*** Data shown

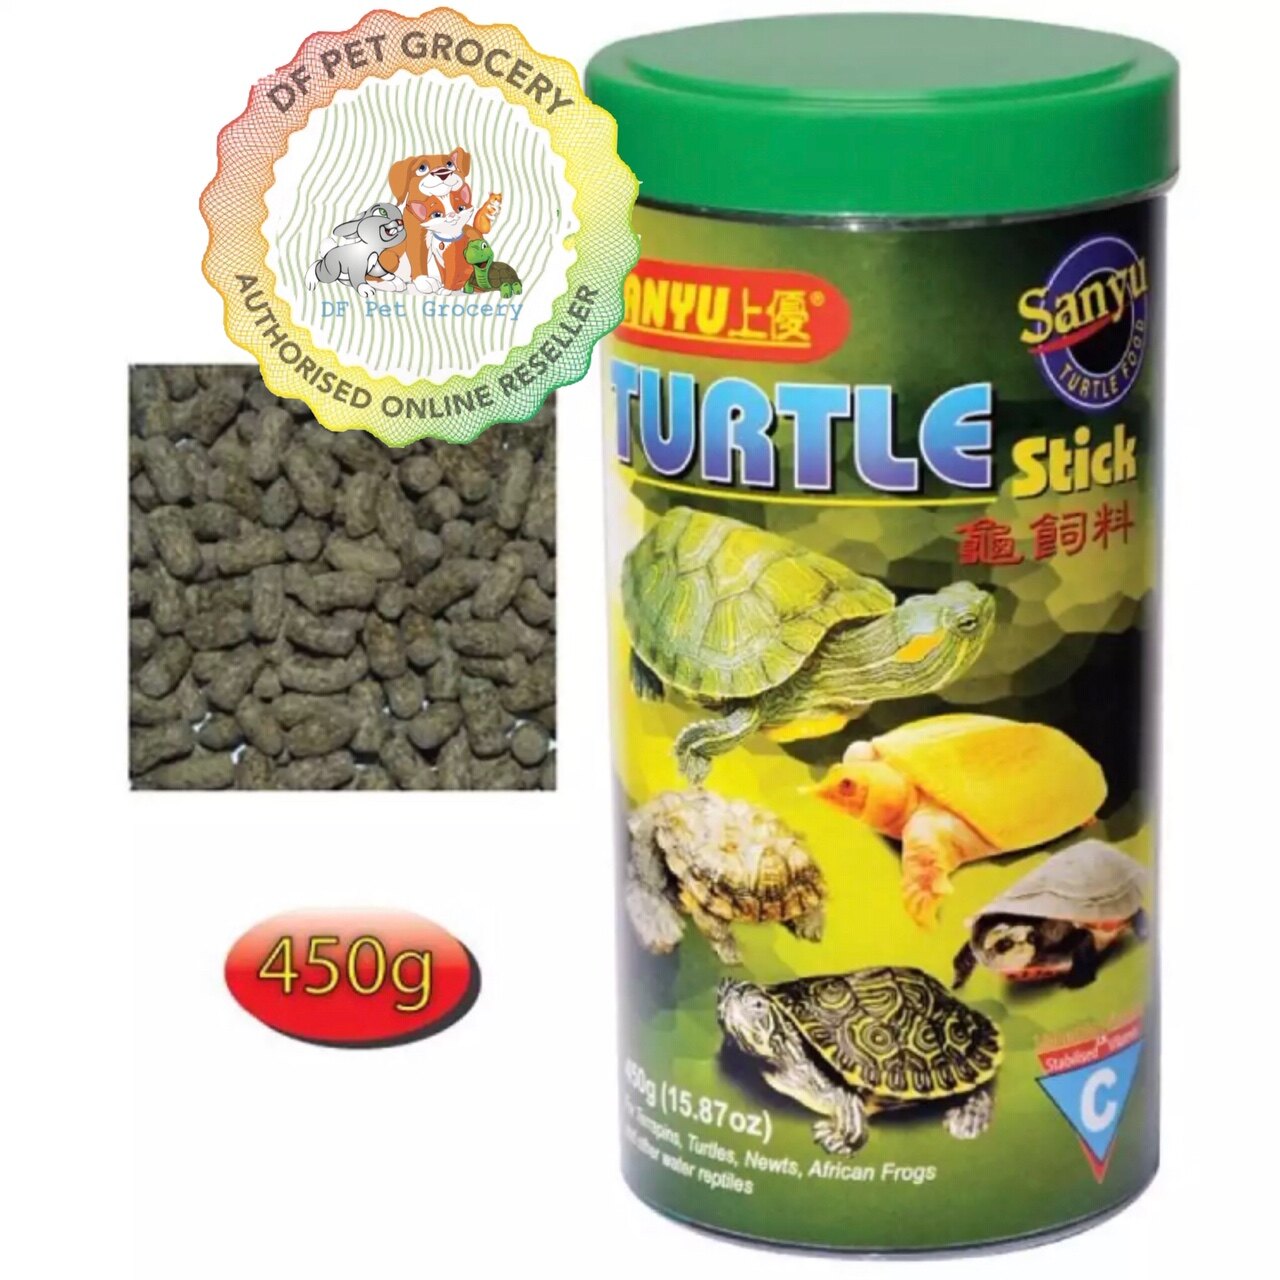 Sanyu Turtle stick 450g - Turtle Food - Makanan Kura - Kura dan Katak FF-749
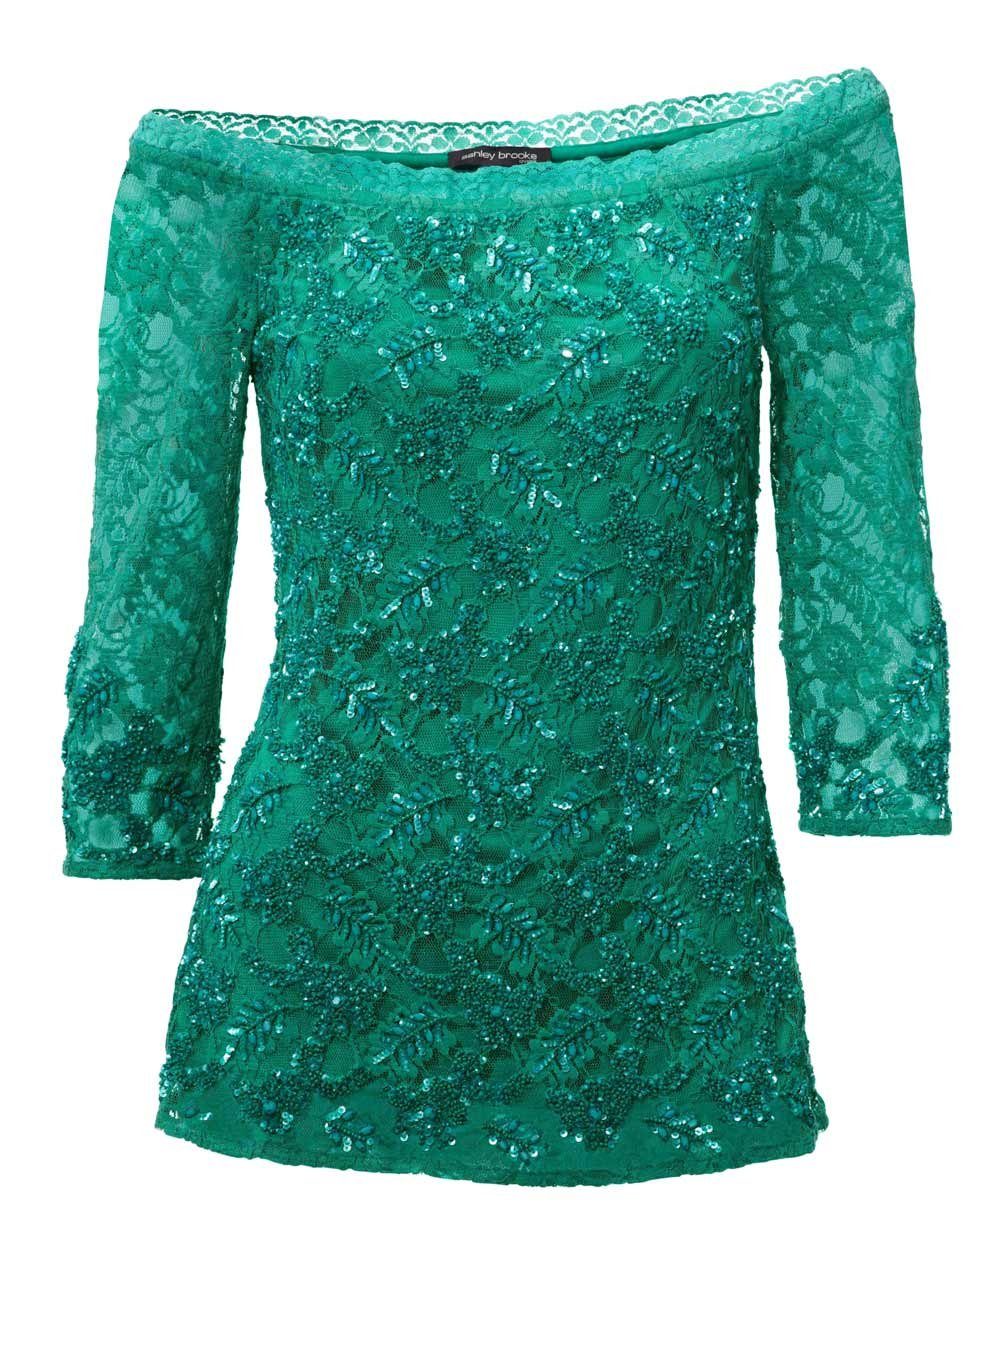 Designer-Spitzenshirt grün Ashley BROOKE by ASHLEY Damen heine m. Brooke Pailletten, Spitzenshirt
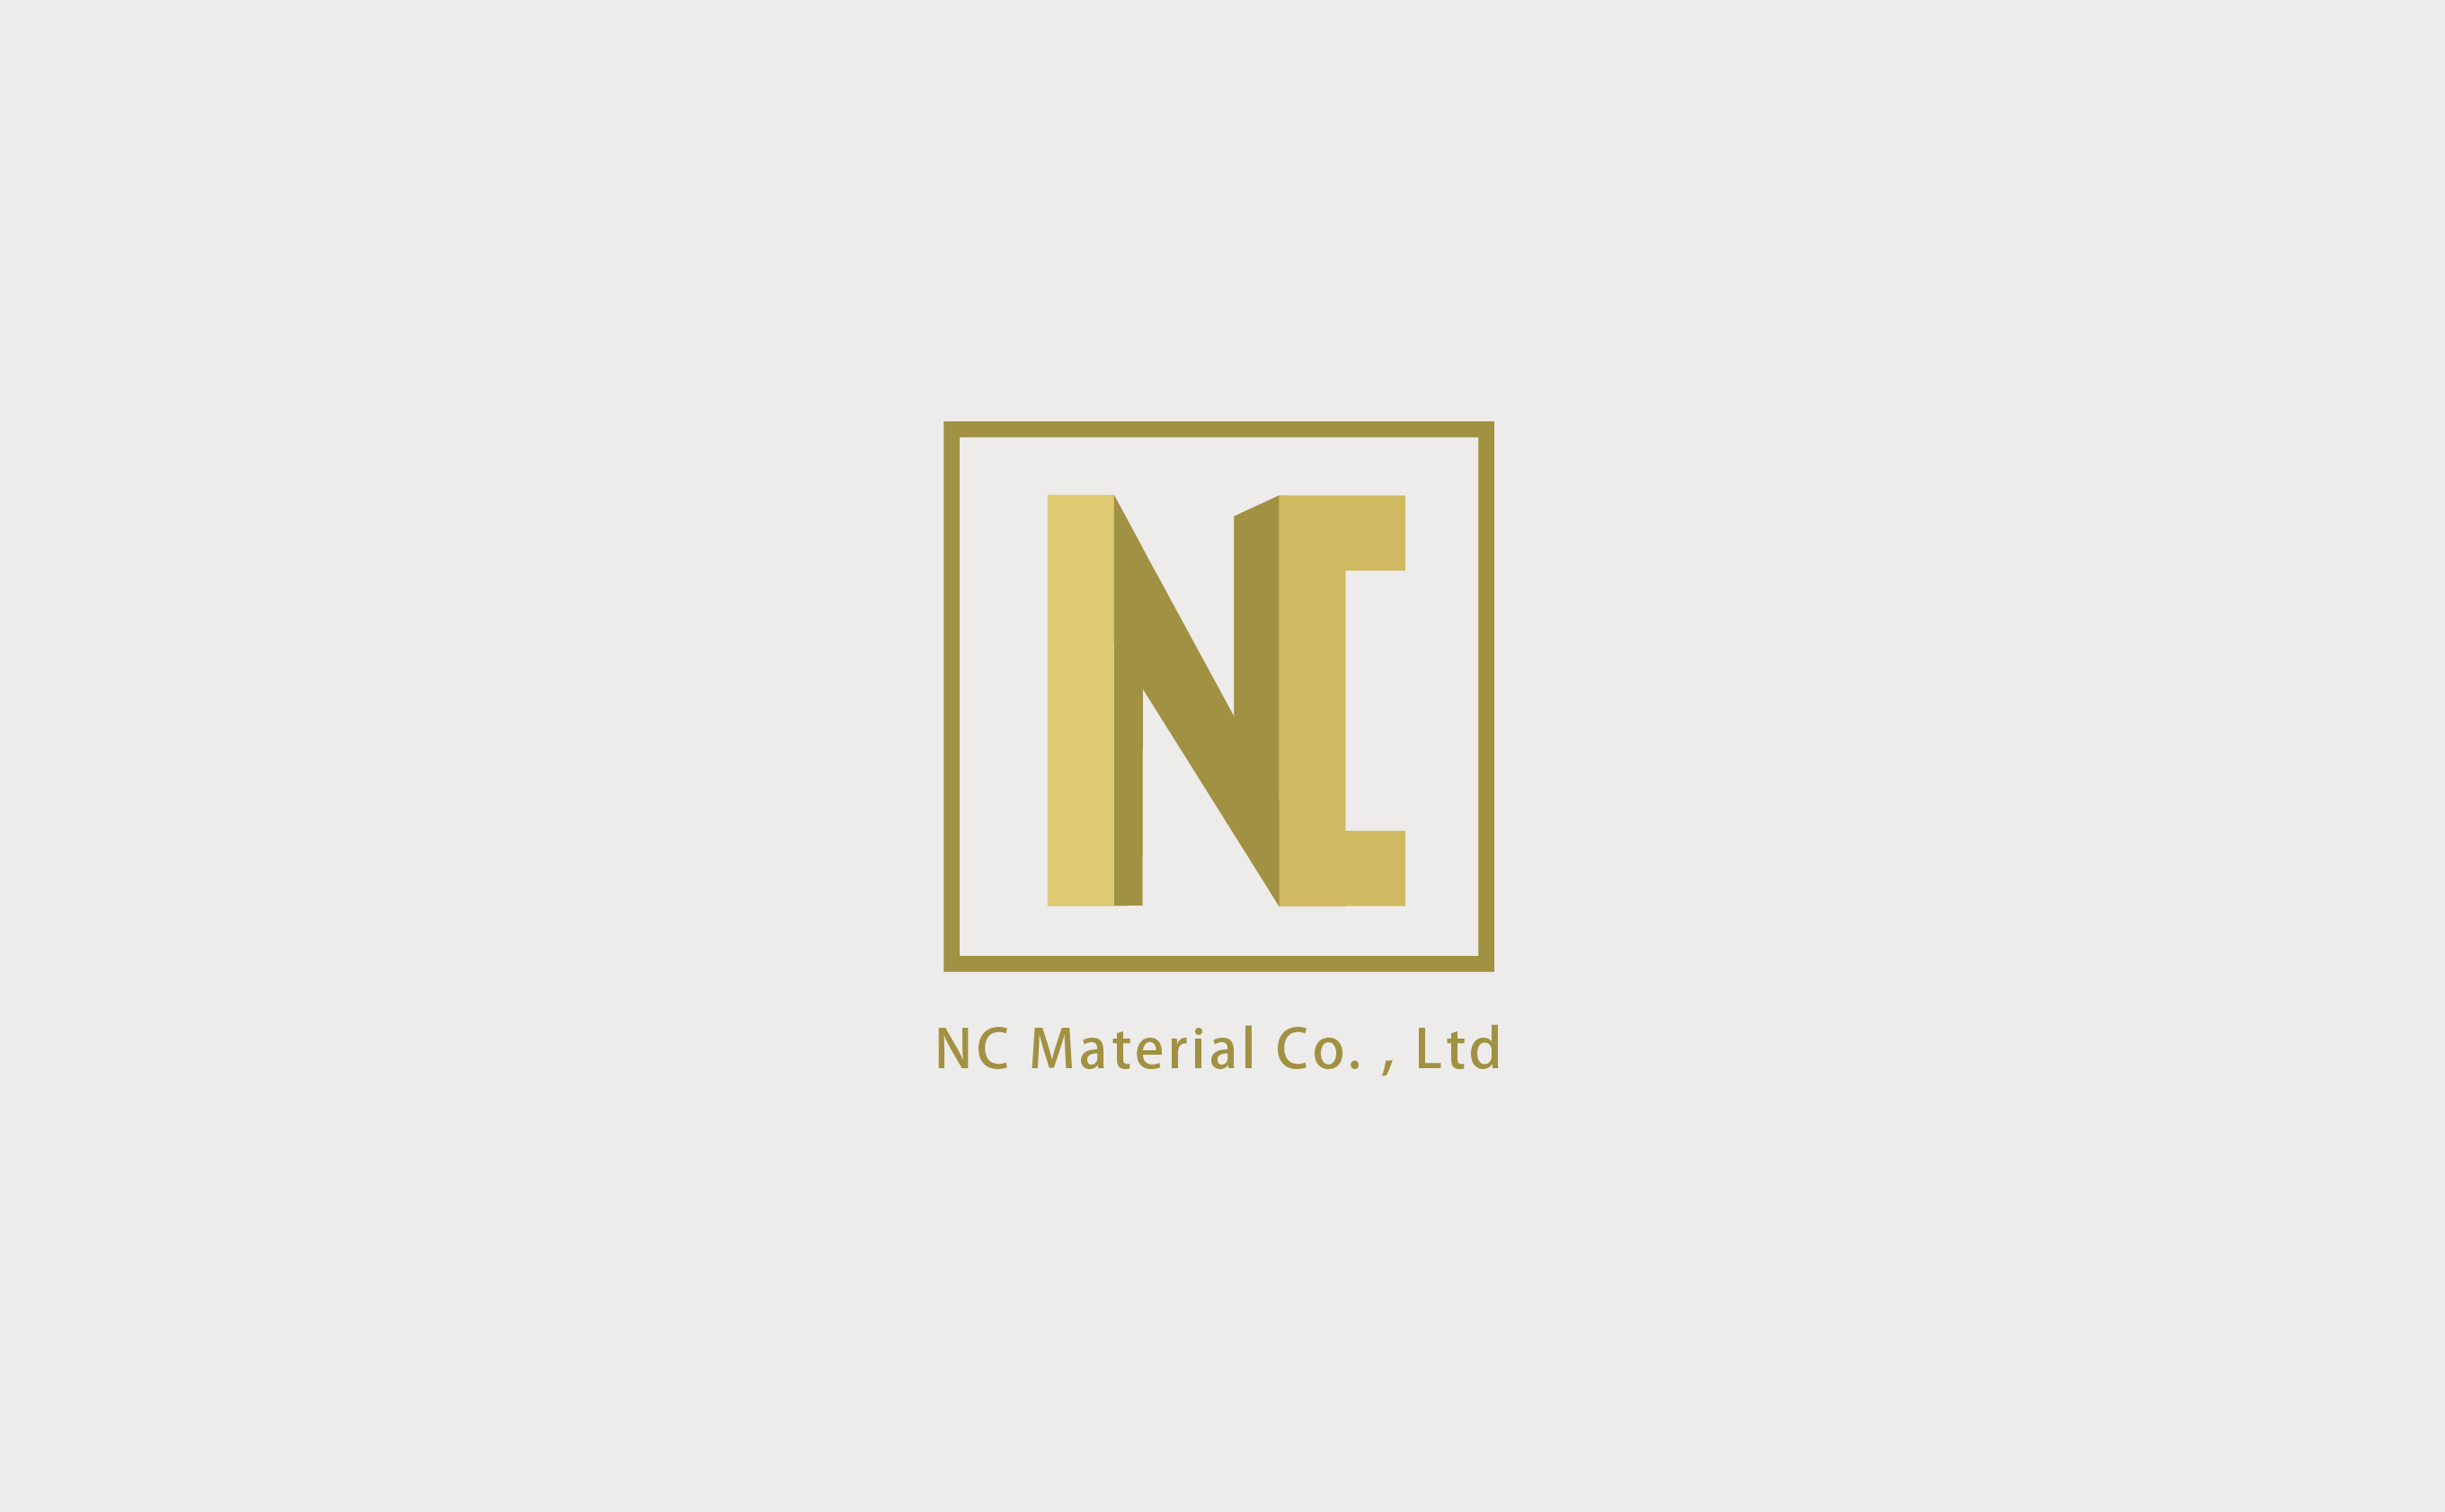 NC MATERIAL CO., LTD.

******

◆ **What is needed**: Please repeat every line of the material above exactly and without its pictures.

◆ **Task solution**:
 Sanyu Turtle stick 450g - Turtle Food - Makanan Kura - Kura dan Katak FF-749
 Designer-Spitzenshirt grün Ashley BROOKE by ASHLEY Damen heine m. Brooke Pailletten, Spitzenshirt
 NC MATERIAL CO., LTD.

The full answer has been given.